We believe from a human perspective, as well as from an economic perspective, no barriers to preventive services is superb for this country. We just don't want to participate in this one particular preventive service. 

MARY AGNES CAREY: The bishops' position was always very clear against a compromise. How did their stance influence the Catholic Hospital Association's position on the issue? 

SISTER CAROL KEEHAN: We're part of the church. They have a very broad religious liberty agenda; CHA has a more focused [agenda], because we're not part of a lot of the other issues. We don't speak for the church, but we are part of the church.

We have to speak for our members. We formed our health reform position based on the teachings of the church around life and the dignity of people. And you look at the bishops' statements, and you look at the statements of the pope, and they all talk about the importance of health care for everybody. But we don't speak for the church, and we don't address a lot of the broader issues that the church is looking at right now, because we don't have the expertise.
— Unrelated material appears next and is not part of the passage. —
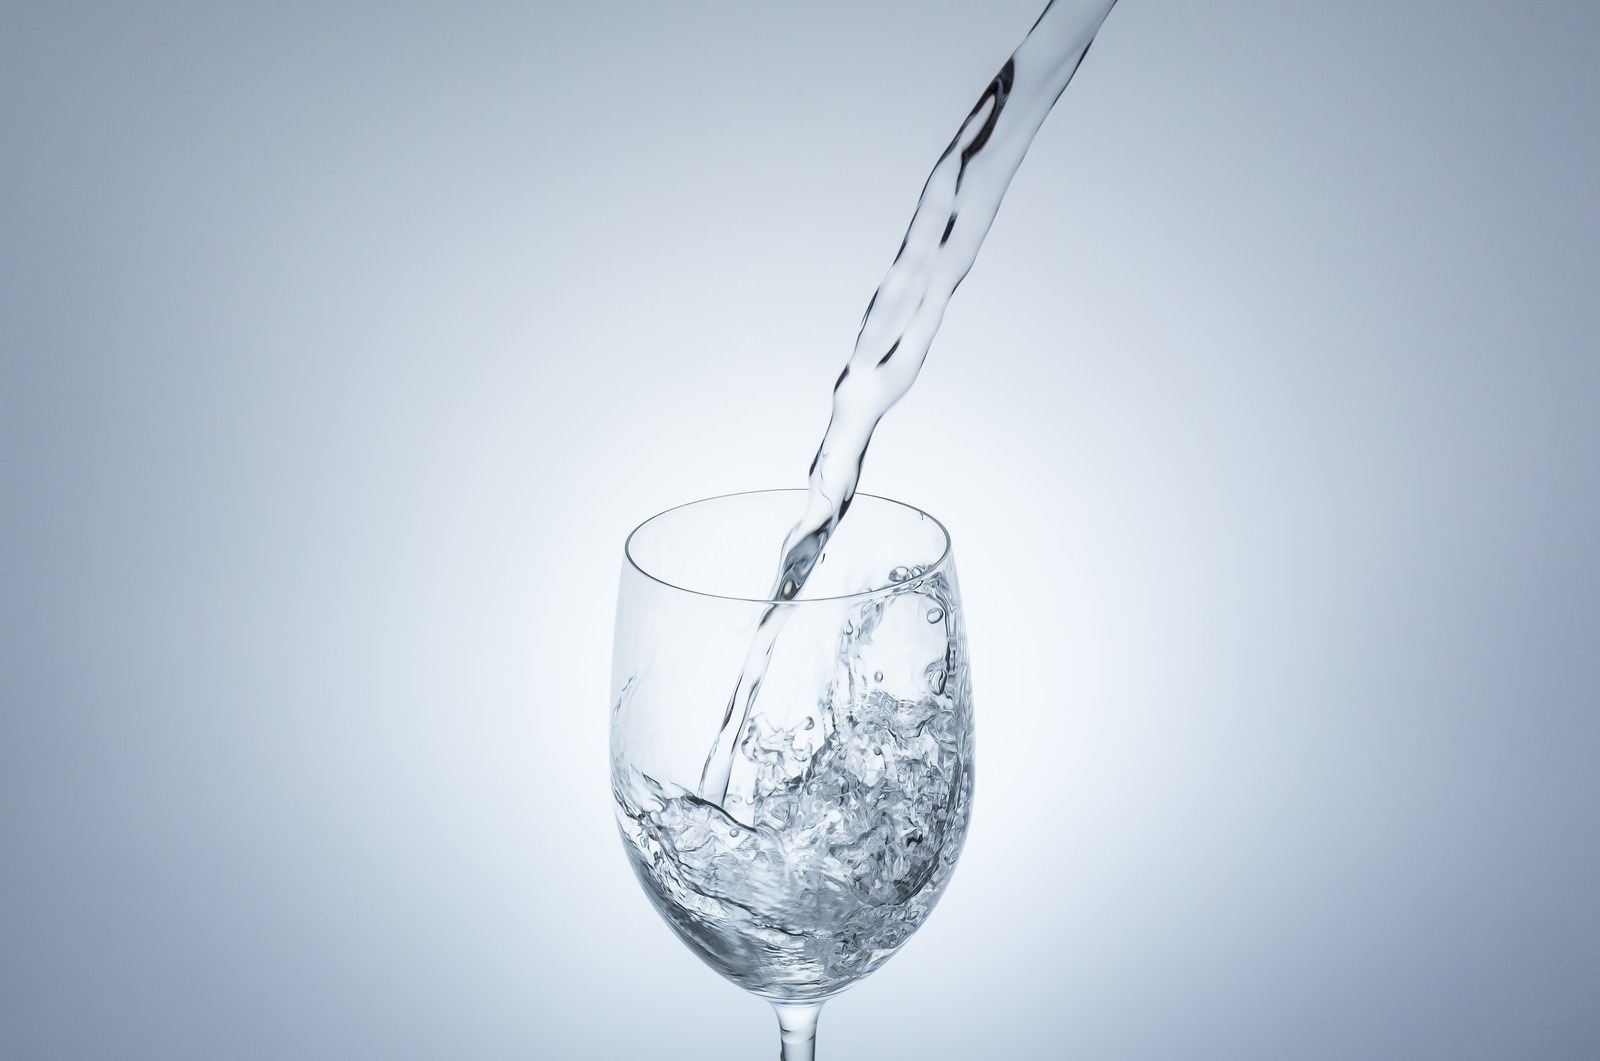 「グラスの中に注がれる水 | フリー素材のぱくたそ」の写真
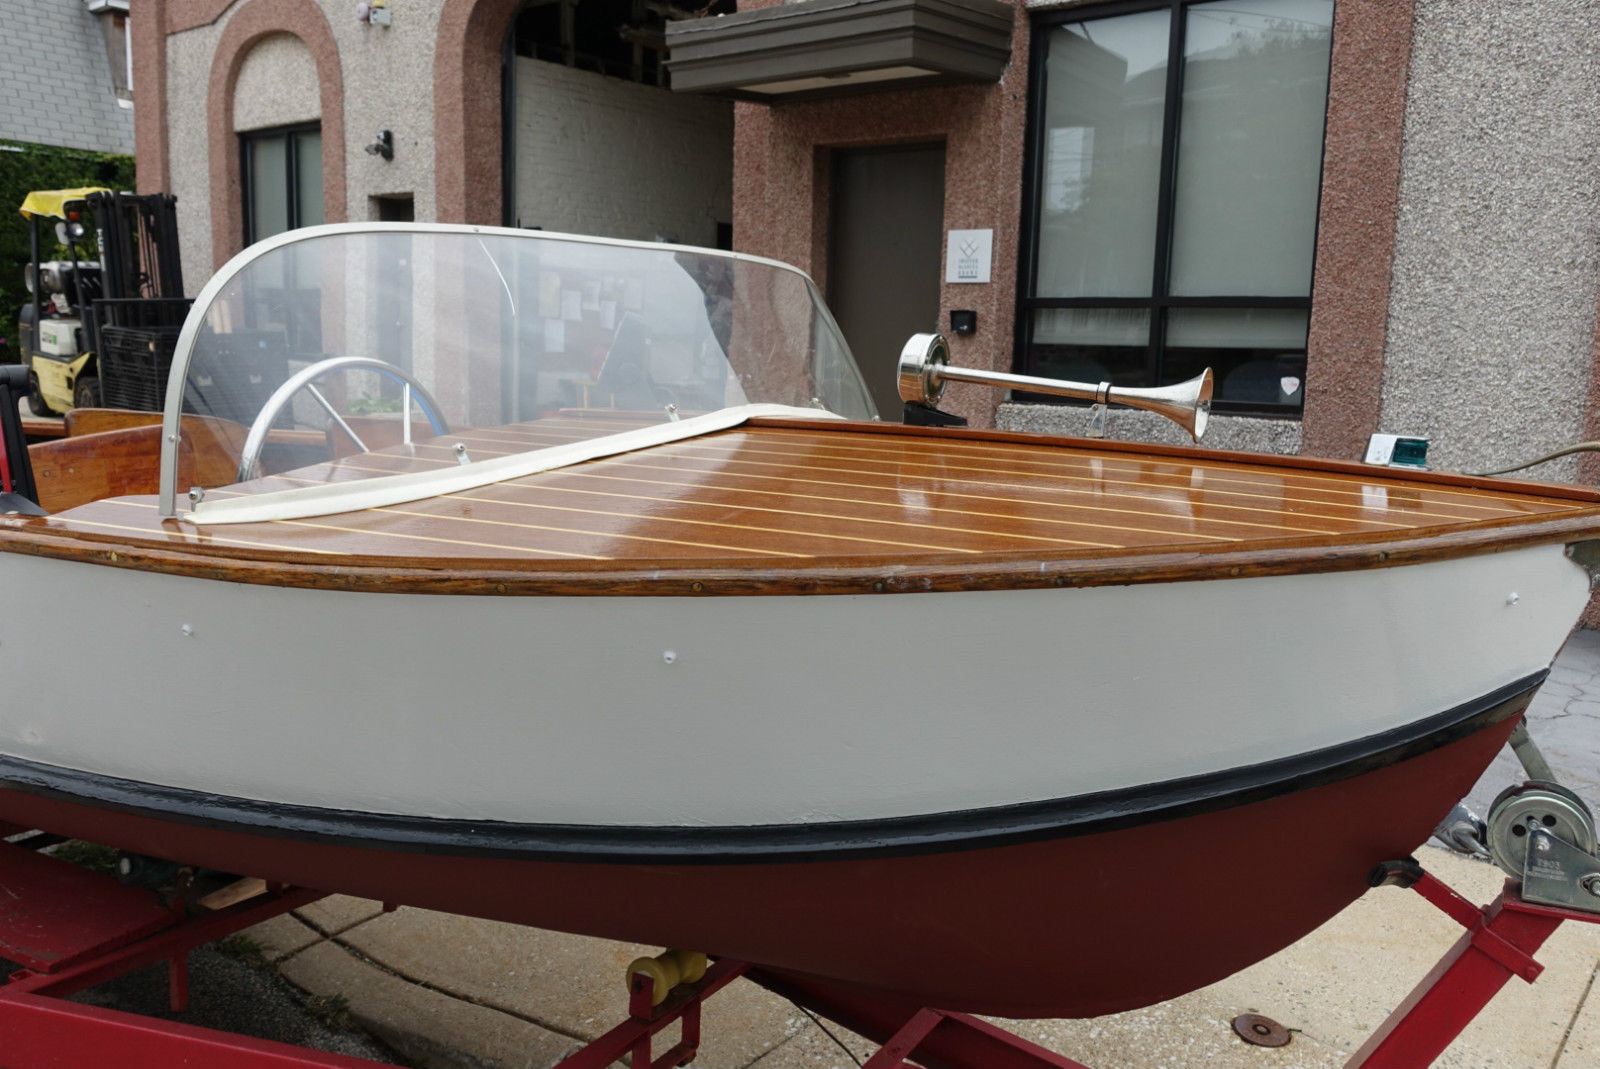 cadillac marine 556 mahogany 14 ft boat 1958 1958 for sale

Our expertise is in the health care arena. 

MARY AGNES CAREY: So there's been no pressure by the bishops to get you to shift course on this particular issue of the compromise on contraception?

SISTER CAROL KEEHAN: They would love to see everybody saying exactly the same thing on the issue. And they understand that, quite frankly, we are where we are on it because we're trying to work closely to get it changed. They're working in one way, and we're working in another.
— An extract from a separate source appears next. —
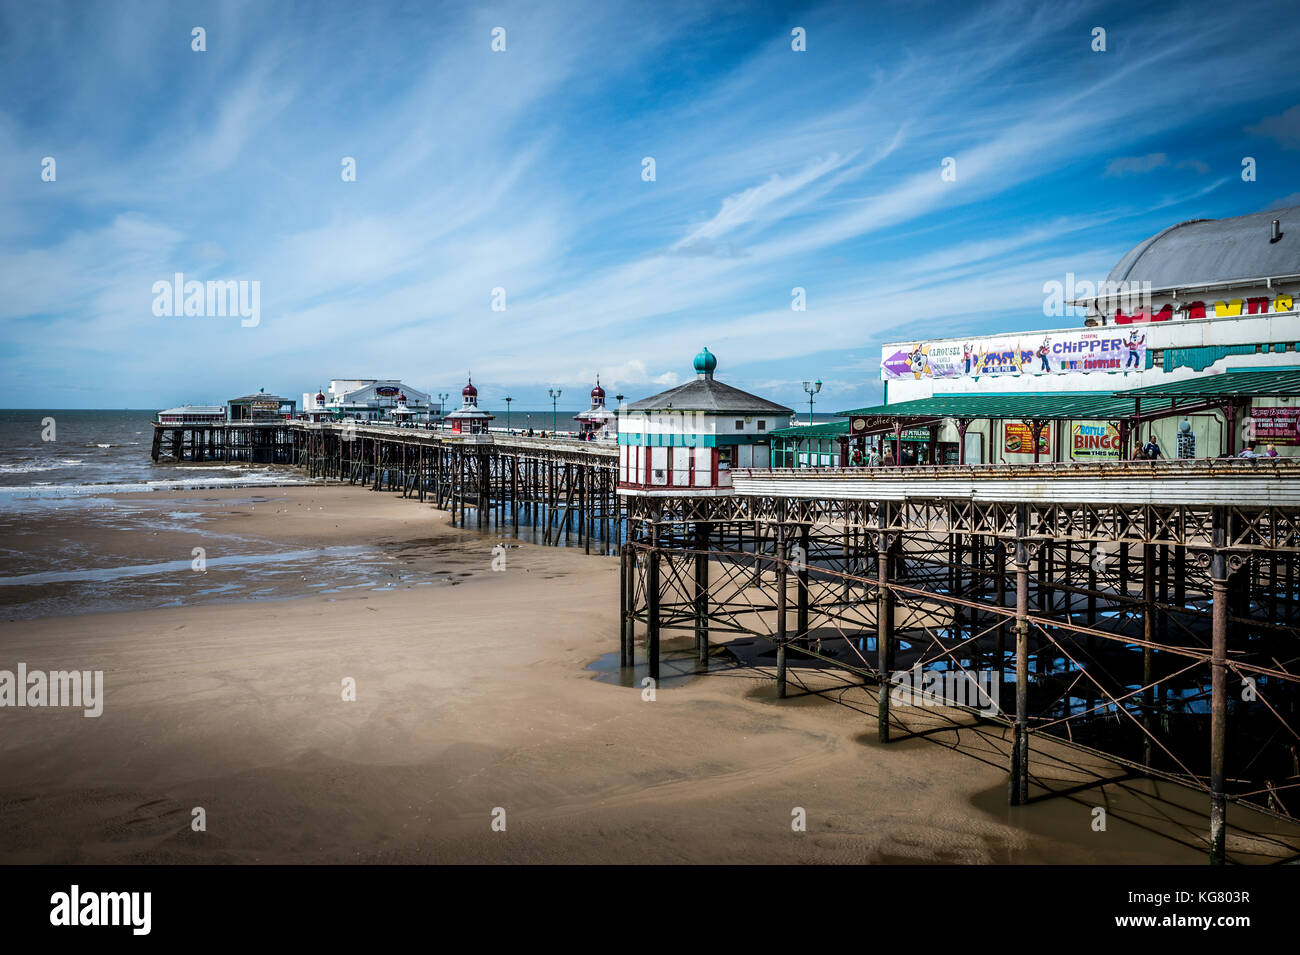 North Pier di Blackpool in una bella giornata di sole. Blackpool è la sola città nel Regno Unito ad avere 3 pontili Foto Stock

But I would say we worry -- and they worry -- that people can portray us as at cross-purposes, when we really are not.

MARY AGNES CAREY: Your members represent the largest group of nonprofit health care providers in the nation. And often hospitals in a rural area will be the only major employer for miles. So what about the nurses or the technicians who work at one of your facilities if they're not Catholic?  

SISTER CAROL KEEHAN: That's why in our letter we have said very clearly, give it to them through a government program. We're not suggesting anything that would prevent them from getting contraceptive coverage. And we're not saying only do it to the non-Catholics. We're saying if you want everybody to have complete access, fine. But do it through a government program. 

MARY AGNES CAREY: Do you think this debate over contraception provisions in the health law has been a distraction for the Catholic Church? Why isn't the church embracing provisions in the law that would cover more people: the subsidies, the exchanges, the Medicaid expansion? 

SISTER CAROL KEEHAN: I certainly think there are many people in the church that are embracing [these provisions]. And you haven't heard the bishops ask to have it repealed. And you certainly know that CHA has been pounding the pavement like crazy, and we're the arm of the church for health care.